▶ [EXERCISE AIM] Can you give all the records again without altering a single character?

(DATA EXTRACT Opens)

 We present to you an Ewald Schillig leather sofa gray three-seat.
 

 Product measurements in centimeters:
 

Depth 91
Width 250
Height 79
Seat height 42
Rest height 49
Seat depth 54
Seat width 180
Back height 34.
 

(DATA EXTRACT Closes)

▶ [RESULT BELOW]
 We present to you an Ewald Schillig leather sofa gray three-seat.
 

 Product measurements in centimeters:
 

Depth 91
Width 250
Height 79
Seat height 42
Rest height 49
Seat depth 54
Seat width 180
Back height 34.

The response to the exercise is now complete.